Lamb Burger (The Other Red Meat)

Lamb Burgers

The lamb burger is an extremely popular choice for burgers in the Middle East.

For those who can afford it, meat, beef, lamb or chicken, is a big part of many meals in the Arab world.

Lamb is prized for its flavor, and mostly free range lifestyle of flocks still led by shepherds.

Lamb meat is more expensive than beef due to the additional costs in raising the animals.

How to Make a Great Lamb Burger

lamb burgers

Star with a good cut of meat, something like the front shoulder which will provide a good amount of fat.

Have the meat ground, or put it into your food processor and chop it into very fine bits.

There are many burger recipes that you can follow for flavoring.

I’m a big fan of garlic so I make sure that goes in with the salt and pepper, and combined with the lamb.

Divide the meat mixture into equally sized large meatballs, then shape them into burgers using a biscuit cutter.

It is always a good practice to make an indentation in the center of each patty to keep them from swelling.

A large cast iron skillet over medium heat is perfect for cooking your lamb mixture burgers.

I like to use olive oil and will add that as I heat a large cast iron pan.

Add your burgers and cook for 3 to 5 minutes on each side or cook to your desired temperature. 

What is a Lamb?

A lamb is a sheep in its first year. 

Hogget meat comes from sheep in their second year, and mutton is the meat of older sheep. 

Lamb meat is typically from animals that are between one month, and one year old, with a carcass weight of 5.5 to 30 kg. 

Lamb meat is more tender than that of older sheep, and it is more commonly found on tables in Western countries.

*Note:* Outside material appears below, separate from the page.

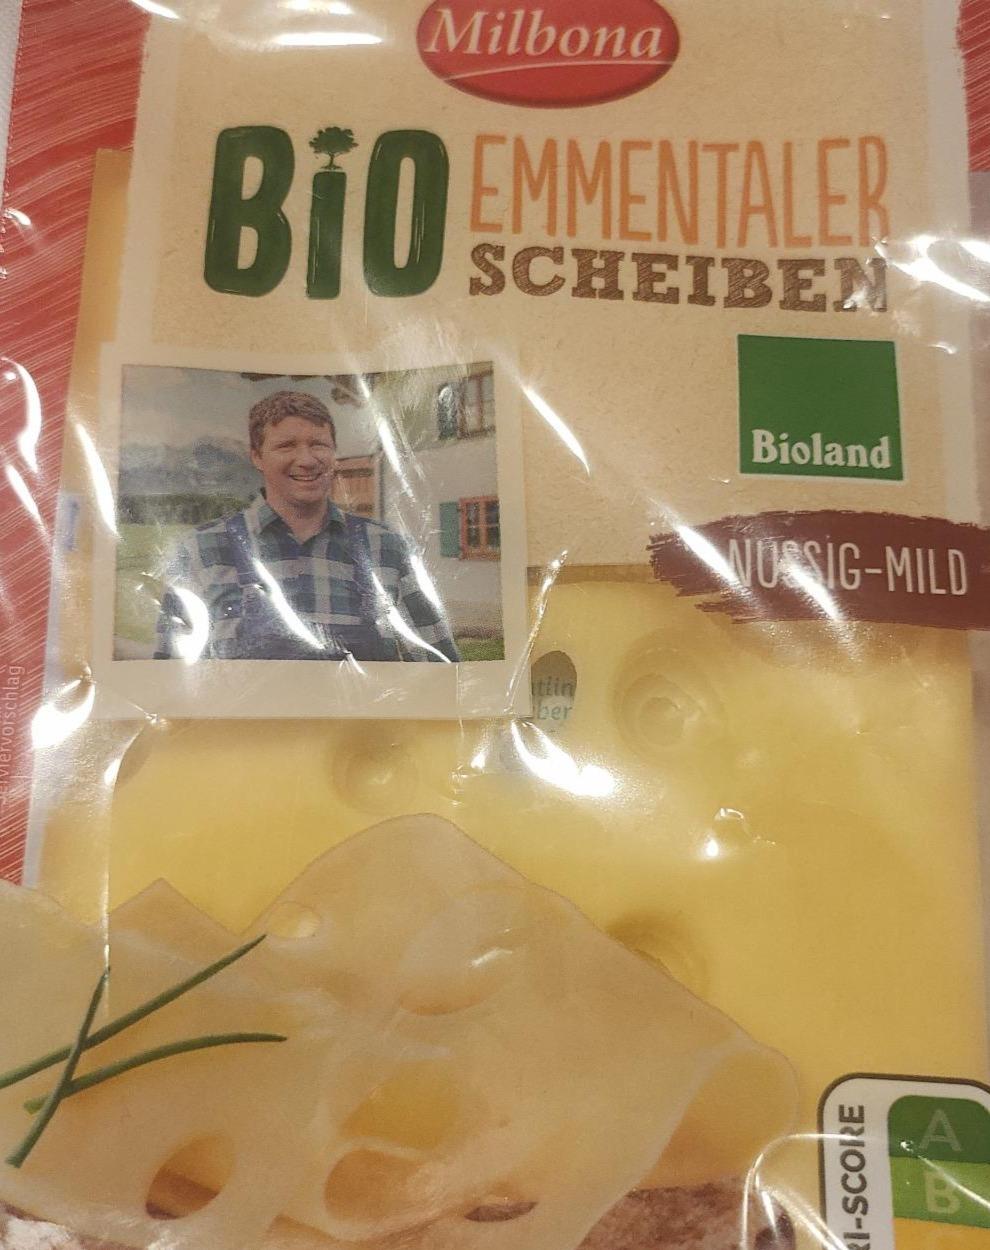 Zdjęcia - Emmentaler Scheiben nussig mild Milbona

In the Middle Ages, farmers discovered that sheep were the most productive crop, supplying meat, wool, skins for paper, and milk for butter and cheese.

What is a Lamb Burger?

Lamb Burger

Ground meat is thought to have been first consumed by the Ancient Egyptians, for various dishes.

It has since been formed into patties, and is very popular in a bun having been cooked over charcoal. 

Later on, the shape, contents, and names of these patties differed from country to country. 

Meat was ground using a sharp stone or knife rather than a grinder back then.

The burger itself can be traced all the way back to Eastern Mongolia. 

Apparently Genghis Khan and his army of fearsome Mongol warriors would place flat lamb patties under their saddles.

This action of pounding would tenderize the meat with the bouncing of their saddles. 

These early patties were claimed to have been transported into Russia and named steak tartar after Mongolian Tartar soldiers.

It was used by Arabs to make kibbeh, a ground lamb dish that was a forerunner to the hamburger that we consume today. 

Germans were the first to bring the burger concept to the United States, specifically from the city of Hamburg. 

Hamburg was the port city that most Germans heading to the U.S. left from.

Rather than being chopped or minced, the original hamburger was a tenderized chunk of meat smashed with a hammer. 

And that is how hamburgers became hamburgers in the United States.

Then lamb burgers became lamb burgers soon after that!

How Lamb is Raised Makes a Difference

How sheep are cared for,  what they are fed and how they are ultimately butchered are all determined by lamb industry trends in each country. 

Each of these factors can add to a distinct lamb flavor depending on where the animal is raised.. 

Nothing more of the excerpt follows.